Will the error happen with our pretrained models inside deepstreamSDK?

How did you generate the engine? Can you share the model file but not the engine file?

I have used PeopleNet pretrained model at other sites with no issues over many months.

I followed the instructions here: yolov4_deepstream/deepstream_yolov4 at master · NVIDIA-AI-IOT/yolov4_deepstream · GitHub

I have generated yolov4 engines for both Jetson arm and x64. No issues so far on Jetson.

How about YoloV3 in your platform?

Have used yolov3 int8 before never seen that seg fault issue

Hi @gabe_ddi,
Could you try removing all “nvbuf-memory-type=0” and check if it helps ?

Thanks!

Have removed all nvbuf-memory-type=0, will monitor and report back

After 1 hour now get the below error after removing nvbuf-memory-type-0

Cuda failure: status=719
ERROR from nvv4l2decoder1740: Failed to allocate required memory.
Debug info: gstv4l2videodec.c(1563): gst_v4l2_video_dec_handle_frame (): /GstPipeline:pipeline/GstBin:multi_src_bin/GstBin:src_sub_bin9/GstDecodeBin:decodebin_elem9/nvv4l2decoder:nvv4l2decoder1740:
Buffer pool activation failed

i think you should run into decoder memory leak issue , could you use CUDA driver < 450

Removed cudadec-memtype=0 from sources and the above error went away.

But i still get:

_output_loop:<primary_gie> error: Failed to dequeue output from inferencing.

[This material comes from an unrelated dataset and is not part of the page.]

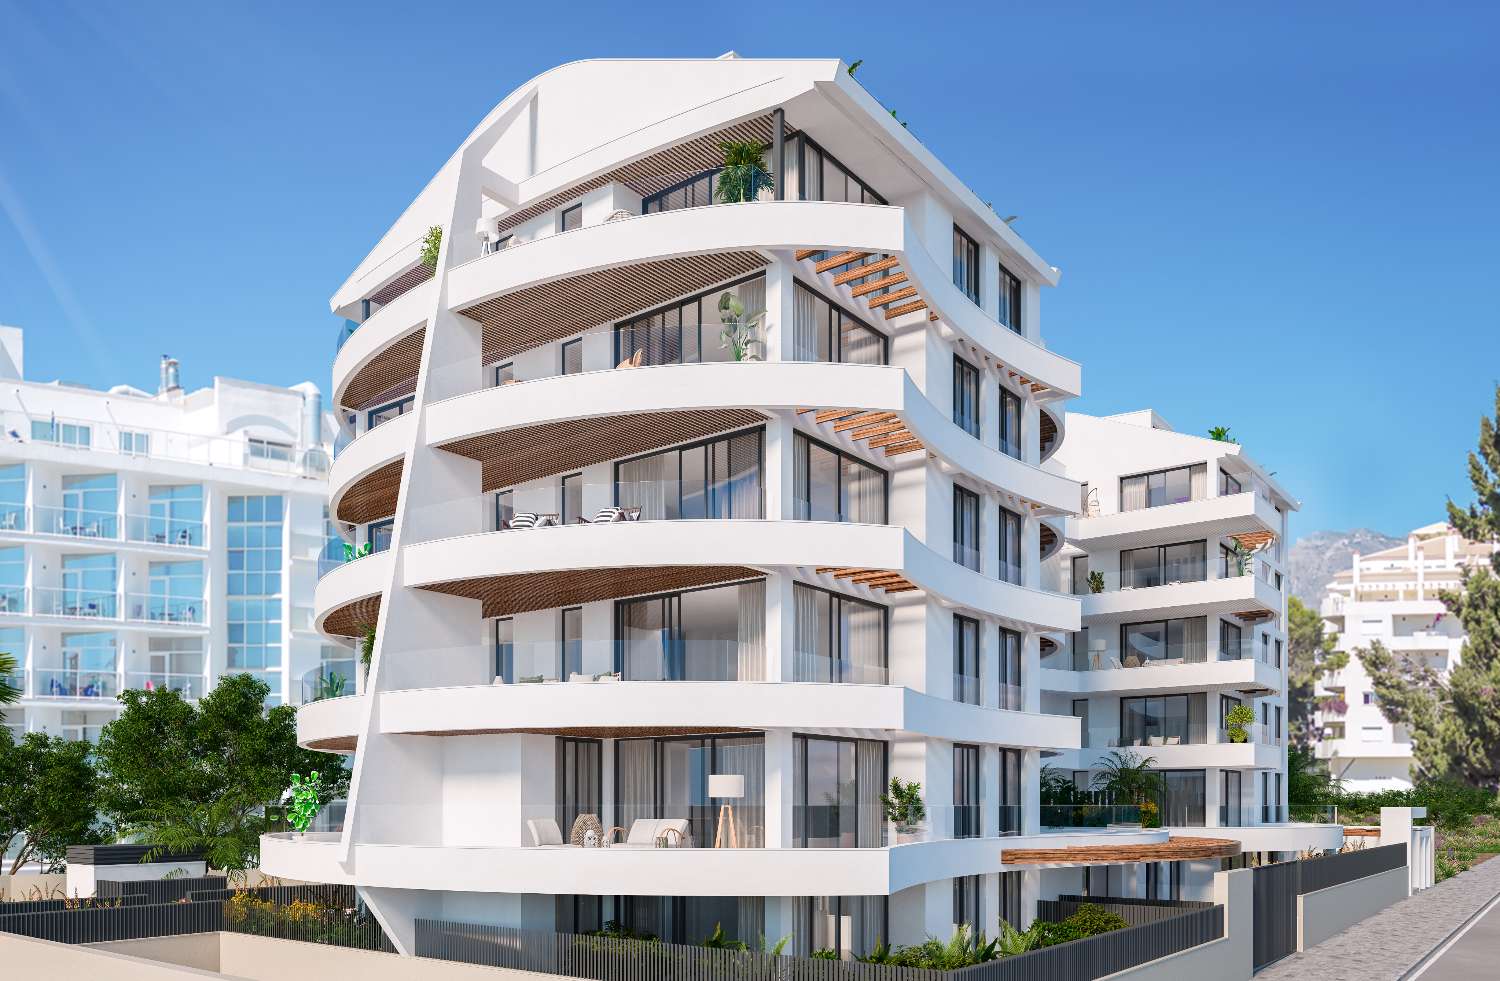 Excellent new construction building just a step away from Puerto Marina, Benalmádena!

NvDsInferContext error: NVDSINFER_CUDA_ERROR
Cuda failure: status=716 in CreateTextureObj at line 2555
nvbufsurftransform.cpp:2624: => Transformation Failed -2

Cuda failure: status=716 in CreateTextureObj at line 2555
nvbufsurftransform.cpp:2624: => Cuda failure: status=716 in CreateTextureObj at line 2555
Transformation Failed -2

Segmentation fault

After 2 days of running

As mentioned above, could you try CUDA driver < 450, e.g. 440?

Is there a proper way to downgrade drivers? The reason I ask is that the machine is in the field and inaccessible (7m above the ground) so we cannot have issues in display or output if we downgrade the drivers

Firstly, you need to know how your CUDA driver was installed on the machine, was it installed by deb package, or run package. The CUDA driver uninstall/install steps are different acording to the installation method.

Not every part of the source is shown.